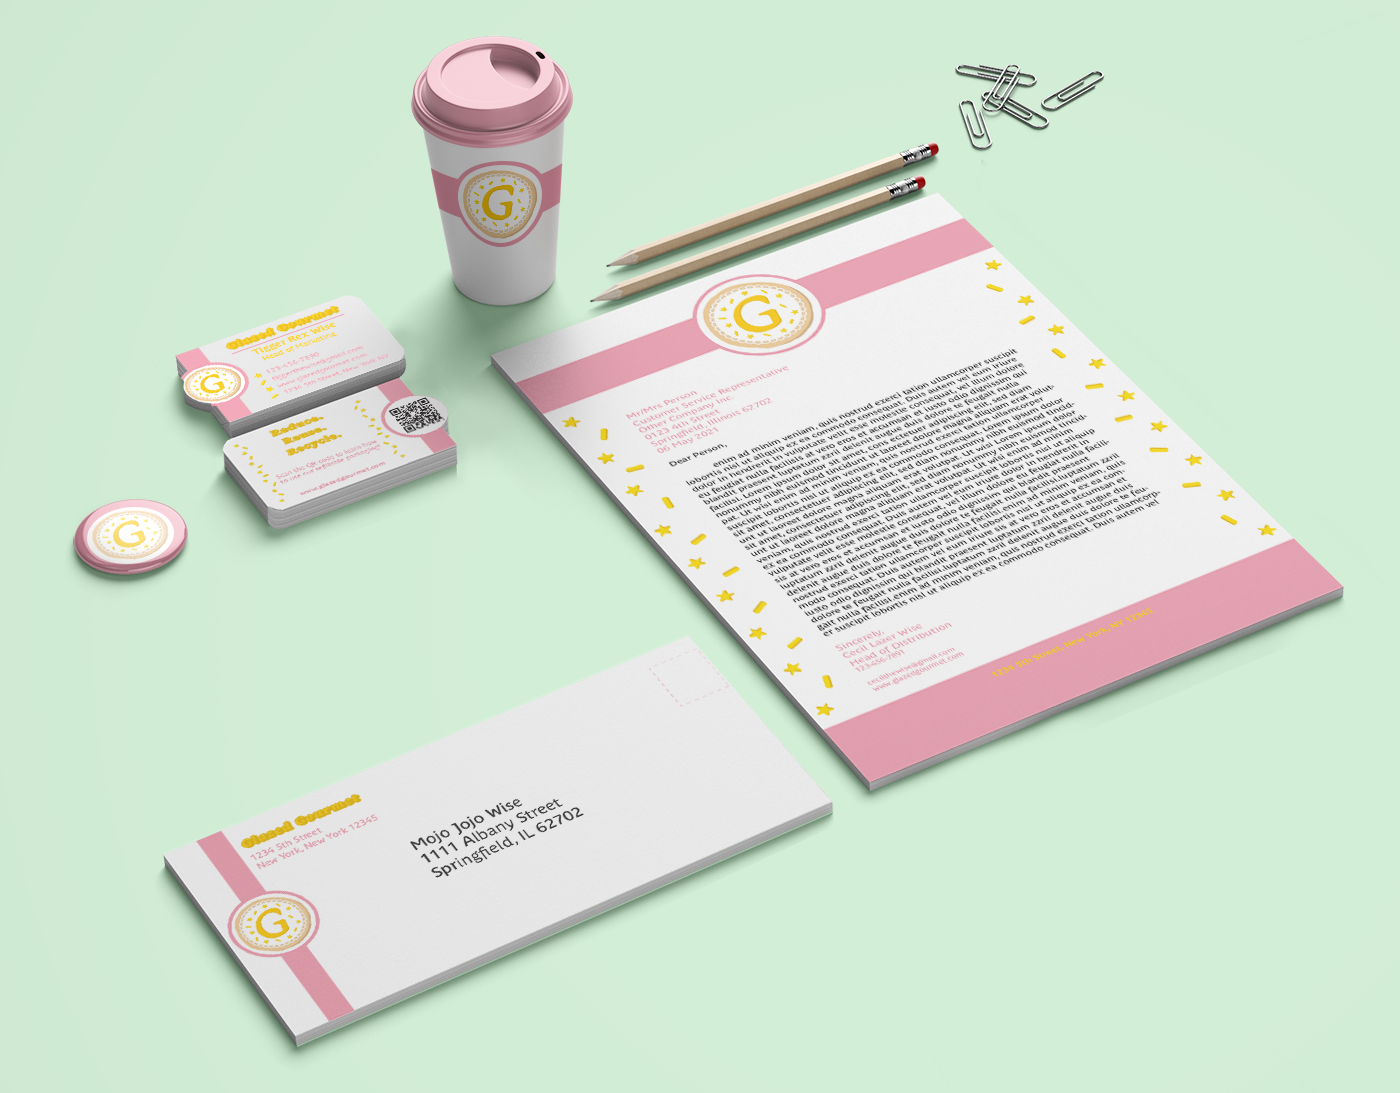 Stationary mockup showing letterhead, envelope, business cards, buttons, and a coffee cup for Glazed Gourmet cookie company.
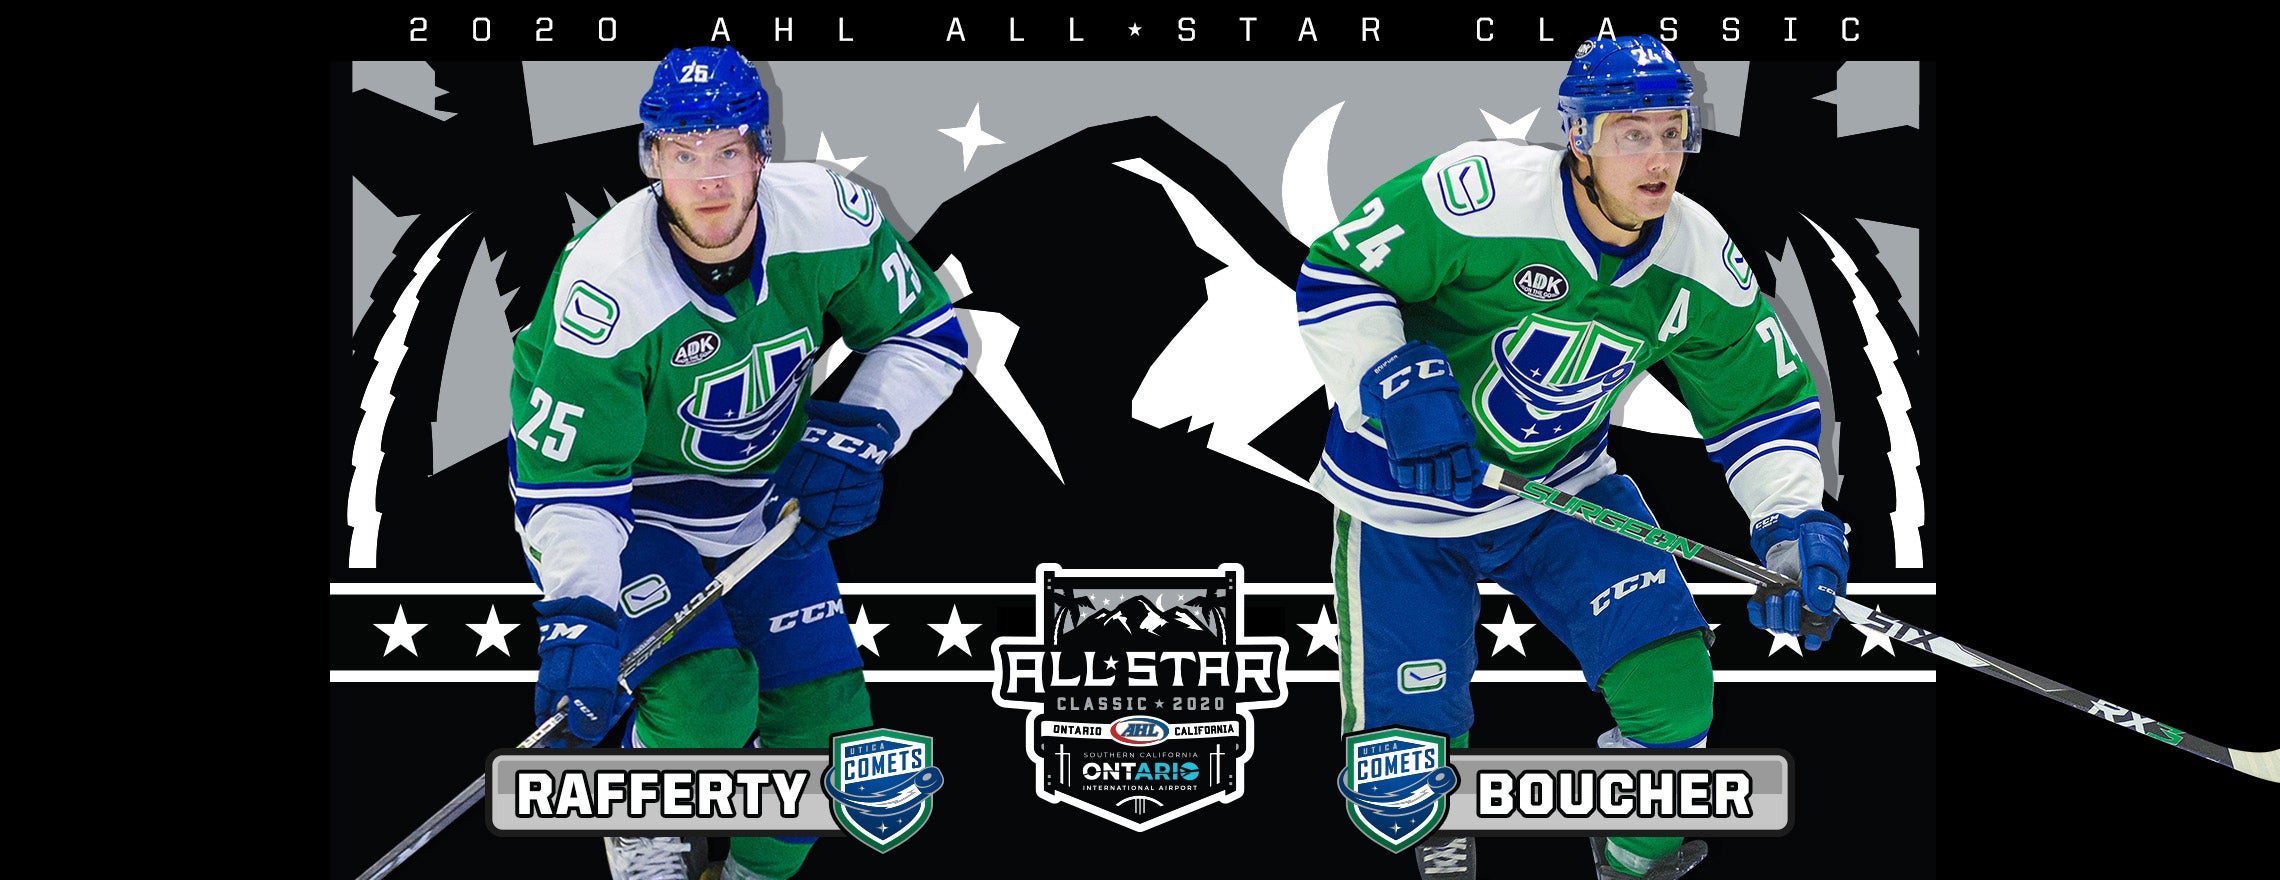 BOUCHER, RAFFERTY NAMED TO AHL ALL-STAR CLASSIC
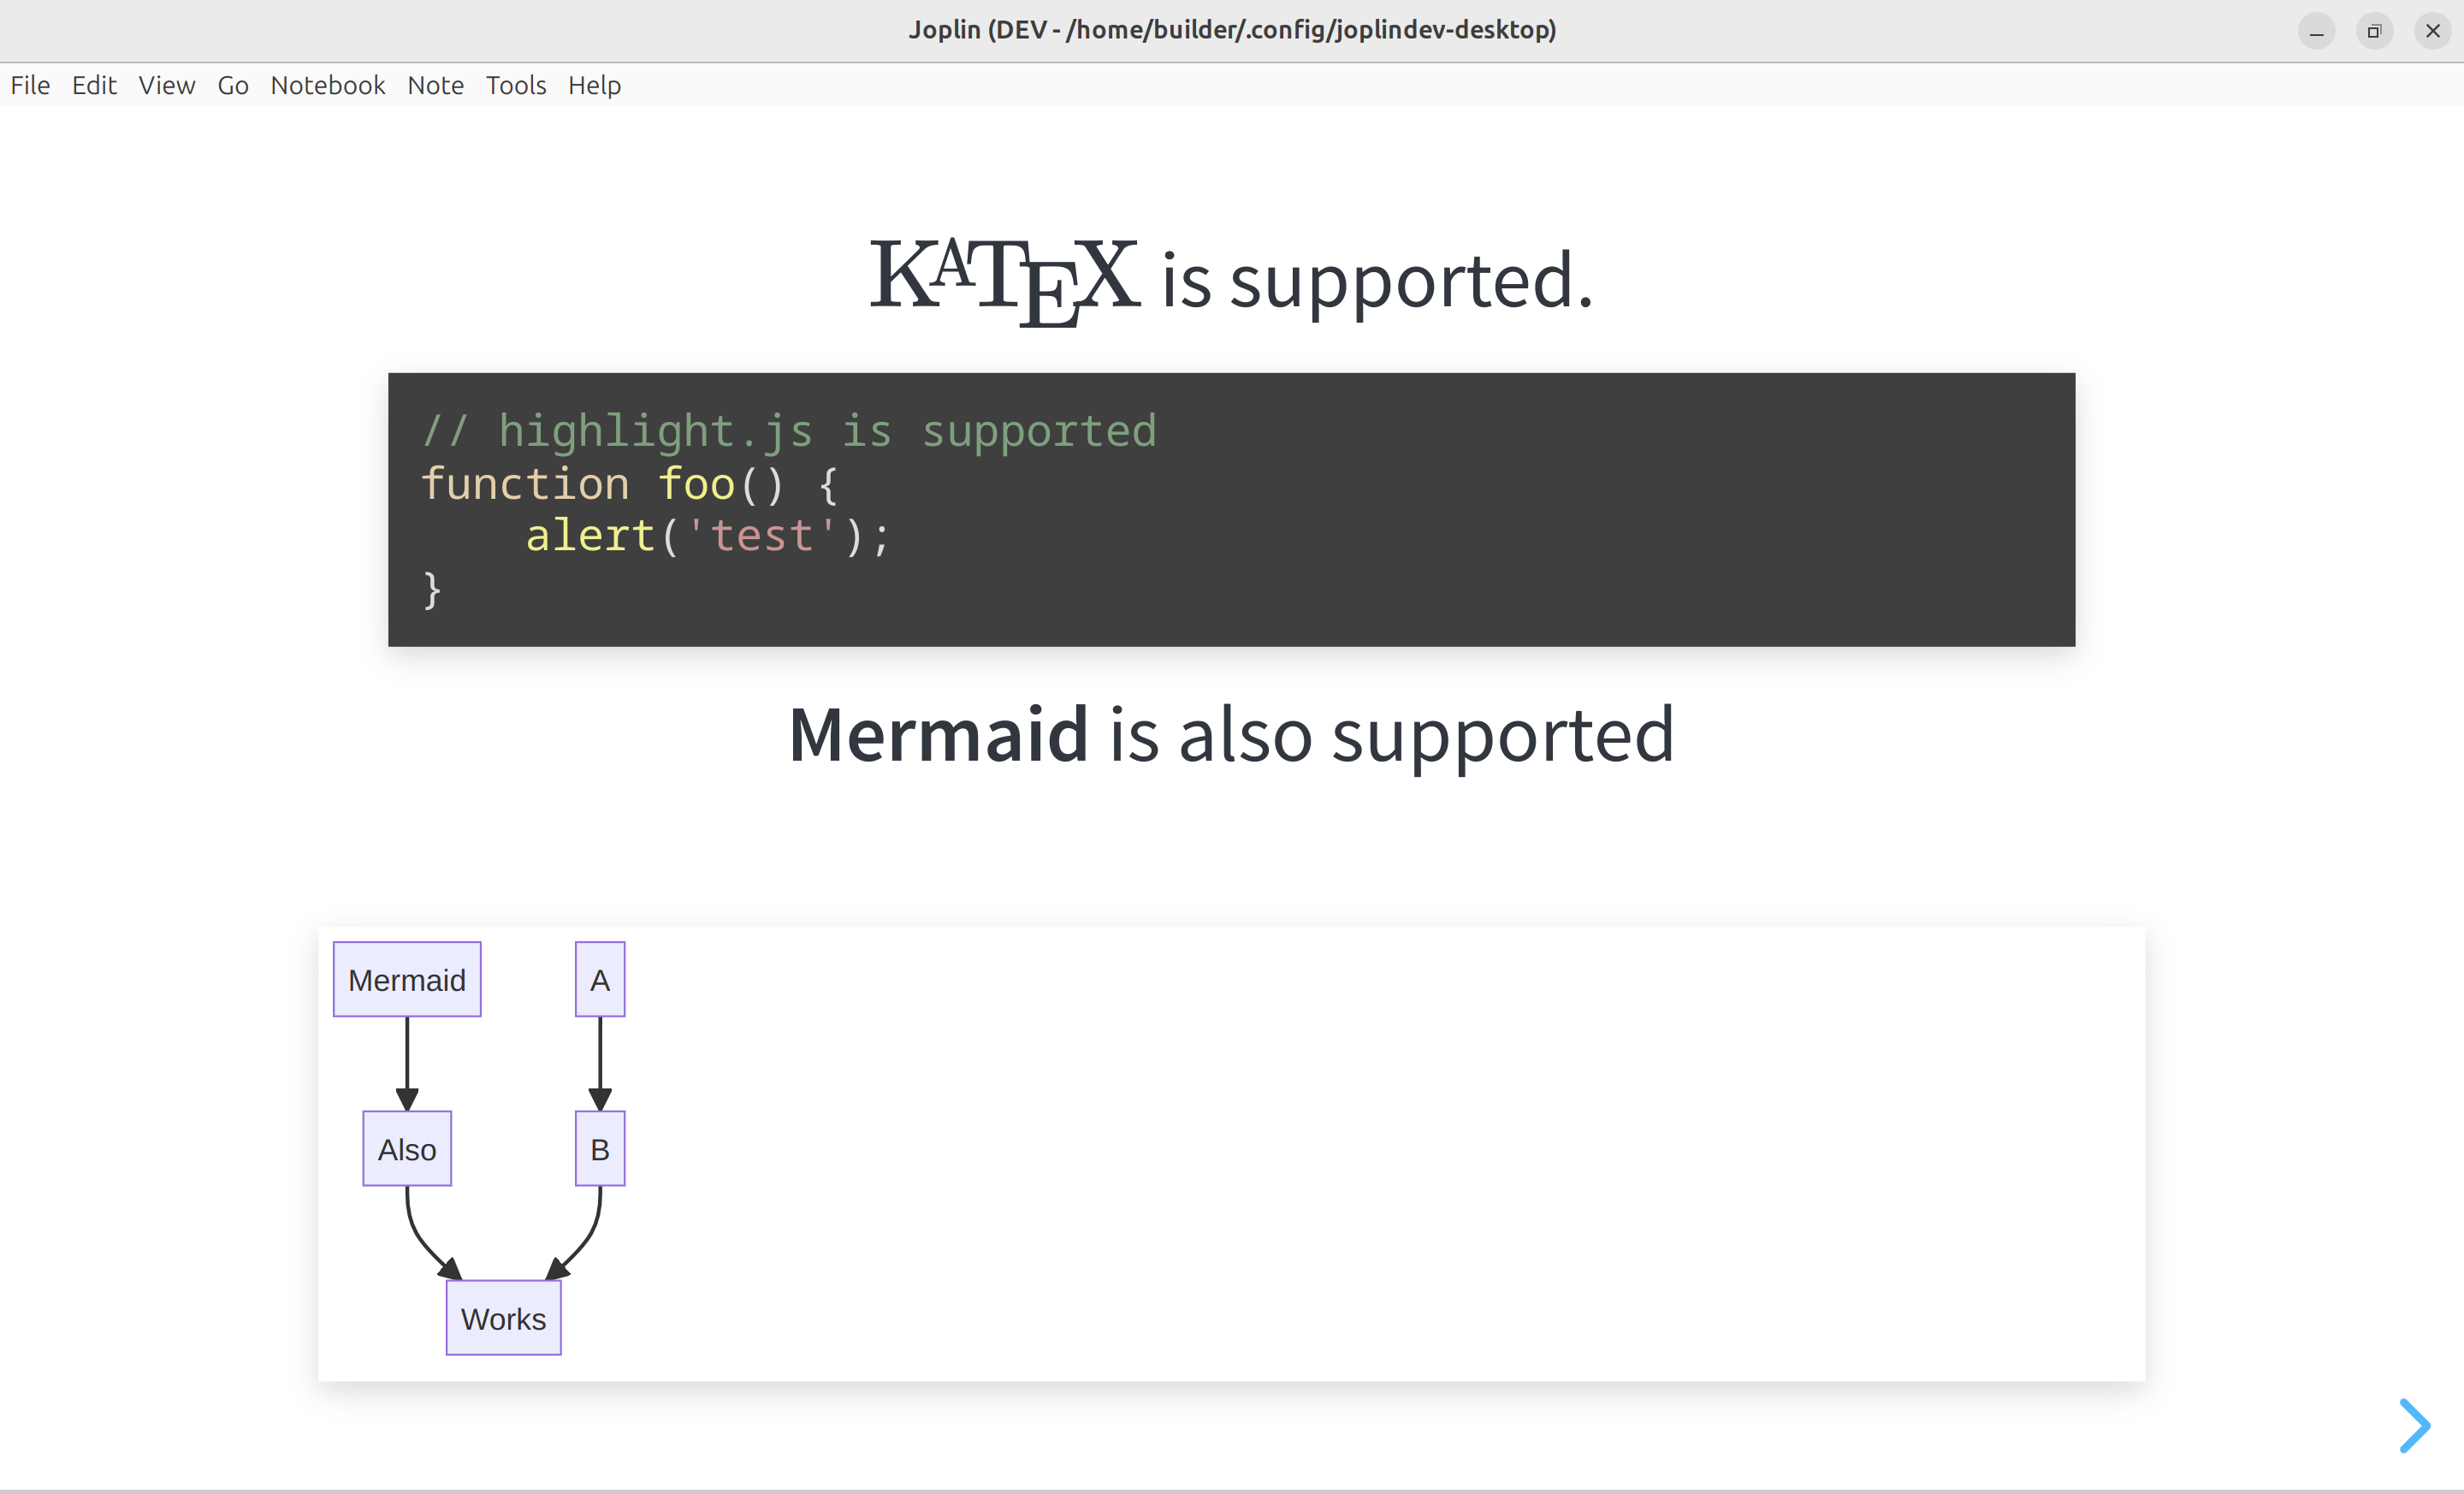 Screenshot: A Joplin plugin window showing a slideshow. The current slide states that KaTeX, highlight.js, and Mermaid are supported.
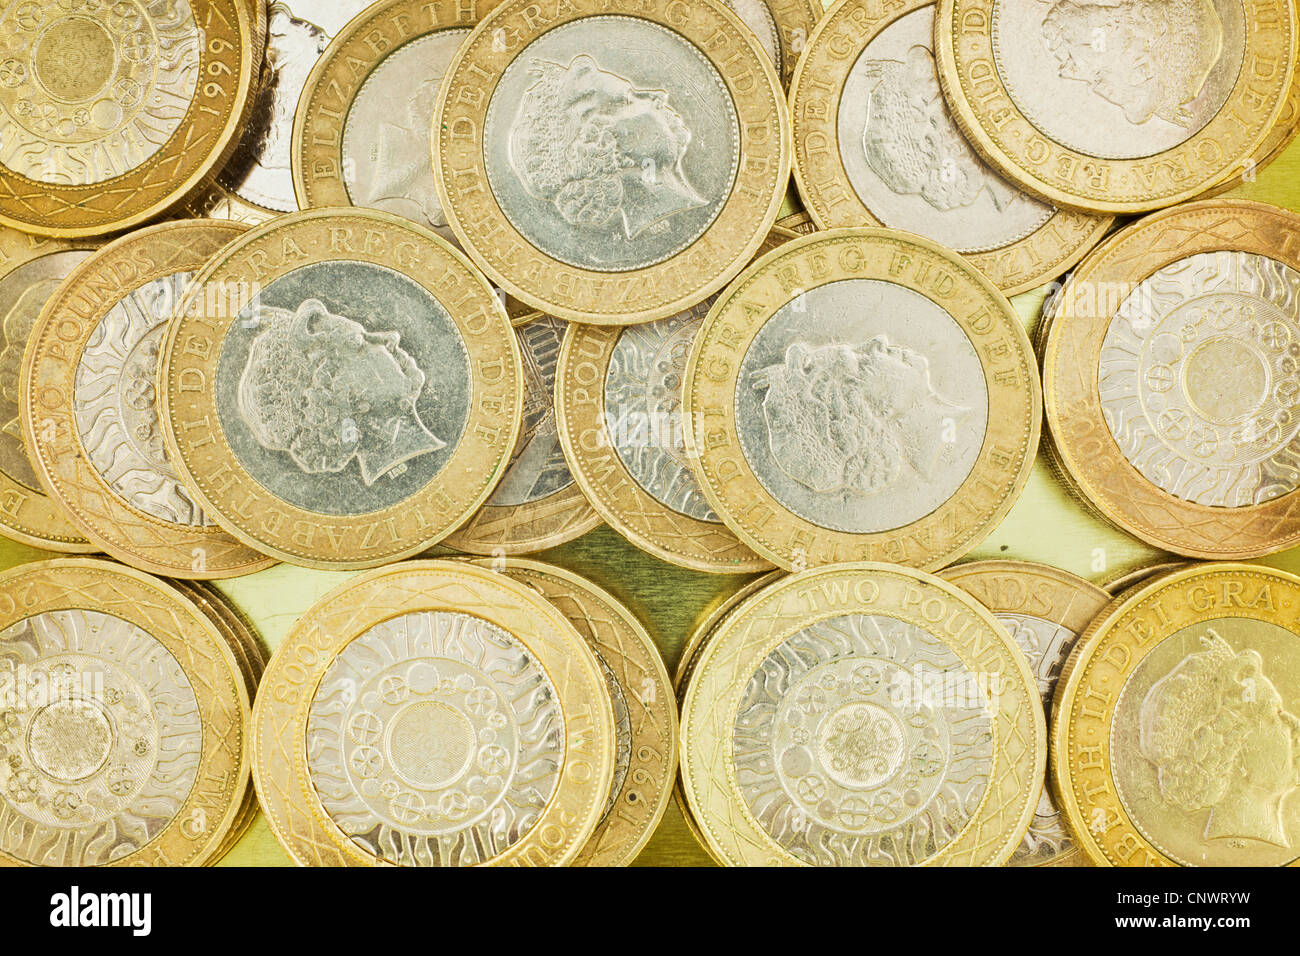 sterling currency coins £2 denomination [two pound] Stock Photo

## Your objective
Once the pictures are removed, repeat all of the data above exactly.

## Task answer
 Stationary mockup showing letterhead, envelope, business cards, buttons, and a coffee cup for Glazed Gourmet cookie company.
 BOUCHER, RAFFERTY NAMED TO AHL ALL-STAR CLASSIC
 Screenshot: A Joplin plugin window showing a slideshow. The current slide states that KaTeX, highlight.js, and Mermaid are supported.
 sterling currency coins £2 denomination [two pound] Stock Photo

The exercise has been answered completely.